Sasaran pertama mereka adalah membuat sel punca kulit atau keratinosit yang serupa dengan keratinosit alami dalam epidermis kulit dari sel punca embrionik. Keratinosit memungkinkan kulit diperbarui secara konstan.
Setelah memperoleh keratinosit dari sel punca, para ilmuwan menyusun strategi untuk mengisolasi sel punca keratinosit untuk mengetes kemampuannya menyusun kembali epidermis fungsional. Pada tahap awal, mereka mencobanya secara in-vitro, kemudian in-vivo atau jaringan hidup. “Sel inilah yang kami cari karena mereka adalah satu-satunya sel yang mampu menciptakan kembali seluruh lapisan epidermis manusia,” kata Christine Baldeschi, Ketua Tim Genodermatosis I-Stem.
Transformasi sel punca menjadi sel epidermis dapat berlangsung berkat kombinasi pendekatan biologi sel dan farmakologi. Para ilmuwan menciptakan sebuah “niche” di sekitar sel punca untuk memandu mereka menjadi sel epidermis dan agen farmakologi yang tepat kemudian ditambahkan ke dalam media kultur.
Baldeschi dan timnya, yang beranggotakan 28 orang, memutuskan memelihara perlakuan ini selama 40 hari, waktu yang normalnya dibutuhkan janin untuk membentuk epidermisnya. Dengan menerapkan konsep tersebut, sel punca embrionik itu akhirnya berdiferensiasi menjadi epitelium dan akhirnya membentuk keratinosit. Populasi sel yang menunjukkan seluruh penanda karakteristik keratinosit dewasa itu kemudian diisolasi dan diperbanyak. Para ilmuwan I-Stem yakin perlakuan selama 40 hari inilah yang menjadi kunci sukses mereka, sementara tim lain gagal.

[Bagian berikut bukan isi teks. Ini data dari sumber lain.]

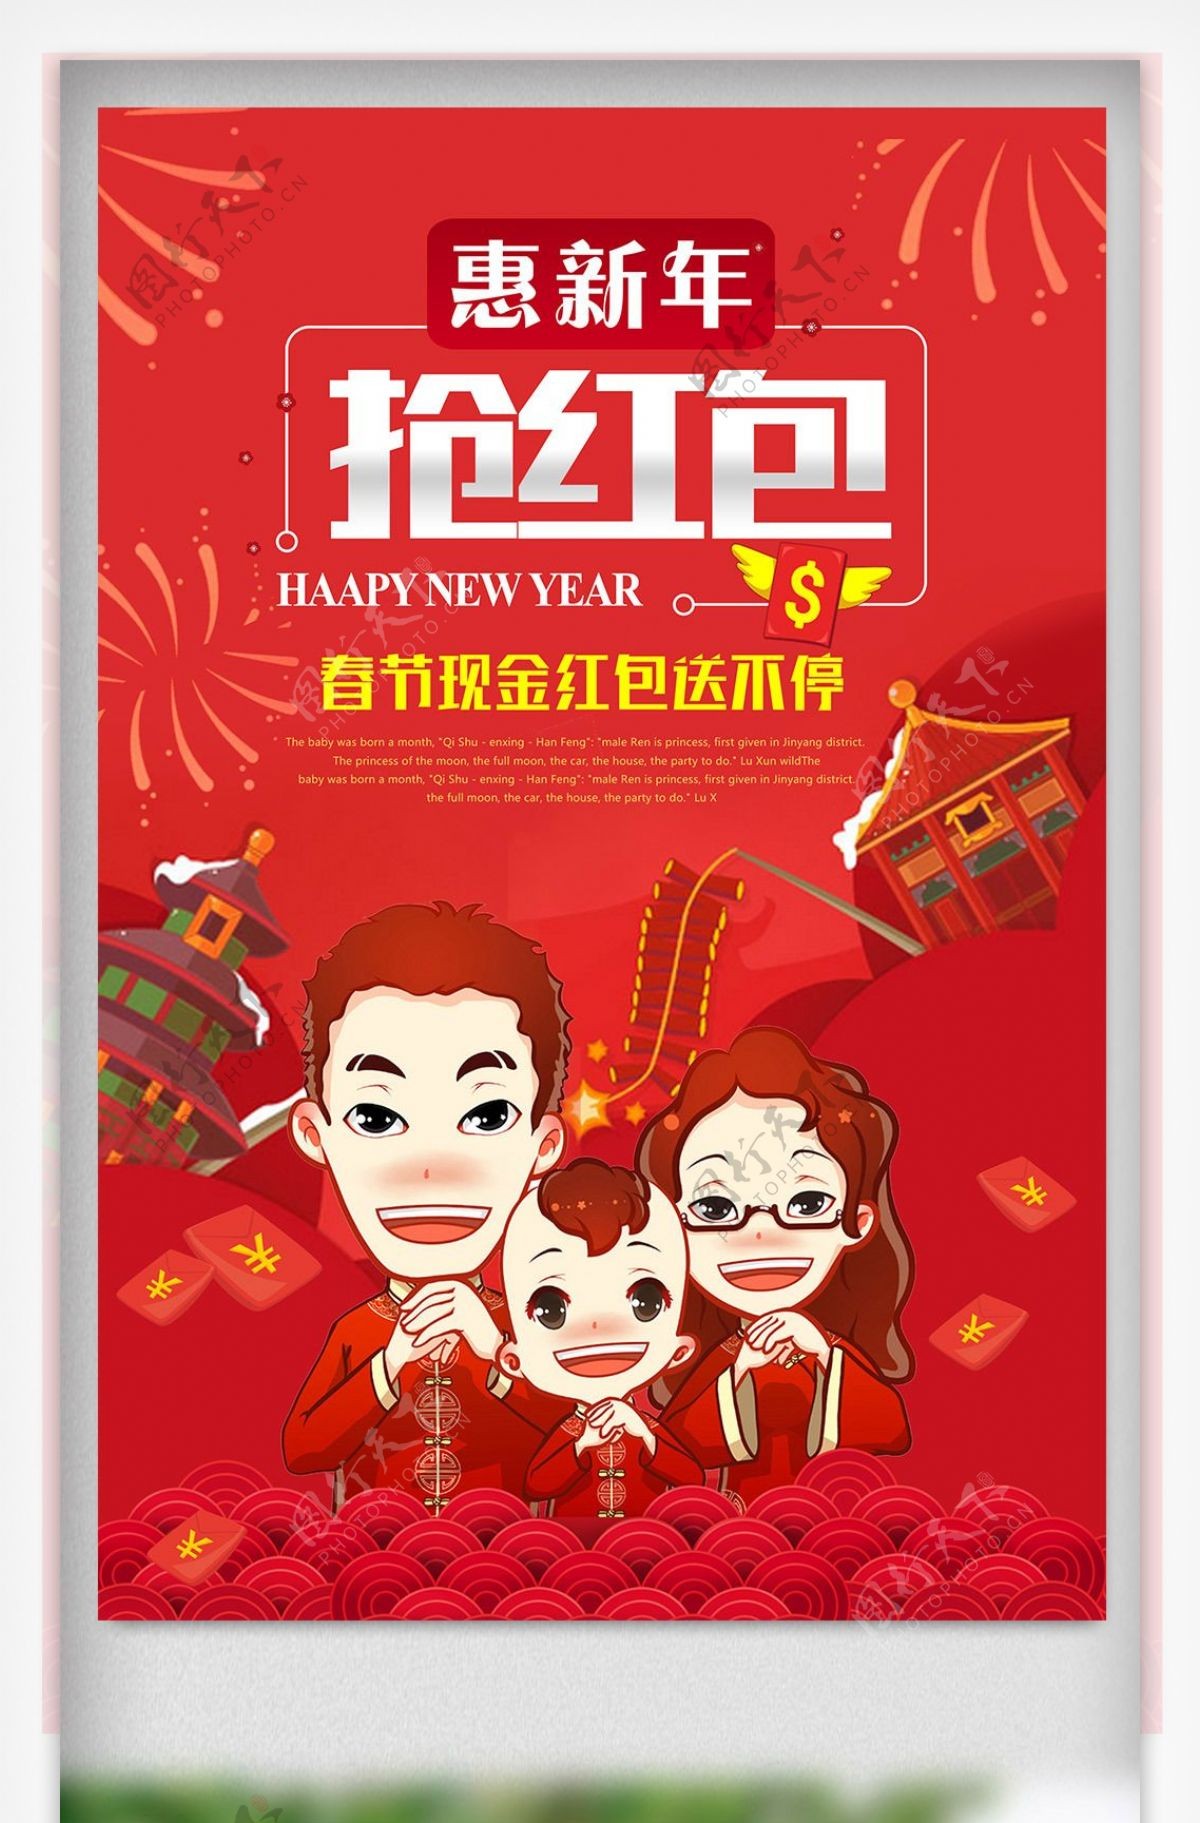 2018创意时尚春节新年红包宣传海报

Tingkat keberhasilan epidermis dari sel punca itu menutup luka bakar sudah terbukti ketika diuji coba pada tikus. “Kami mencangkokkan sel pada punggung seekor tikus yang terluka, dan hasil pantauan 12 pekan kemudian memperlihatkan bahwa epidermis kulit yang luka telah memperbaiki dirinya sendiri,” kata Xavier Nissan, peneliti yang terlibat dalam riset I-STEM, khususnya studi pengembangan terapi regenerasi menggunakan sel punca.
Pengujian terhadap makhluk hidup dilakukan I-Stem dengan menggandeng sebuah tim riset Spanyol yang menguasai teknik pencangkokan pada binatang dengan sistem imun yang dilemahkan untuk mengatasi kemungkinan timbulnya penolakan terhadap transplantasi. Dalam waktu 12 pekan, area pencangkokan pada punggung tikus memperlihatkan epidermis manusia dewasa yang normal dan fungsional. “Dalam riset selanjutnya, kami akan menerapkannya pada manusia,” kata Baldeschi.
Di Prancis, 200 hingga 300 orang mengalami risiko kematian akibat luka bakar tingkat lanjut setiap tahun, kata Peschanski. Dia berharap metode baru ini akan menjadi perangkat pengobatan umum di kemudian hari. “Ini benar-benar sebuah harapan baru bagi mereka, dan sesungguhnya, siapa pun di antara kita dapat menjadi korban luka bakar tingkat lanjut,” ujarnya.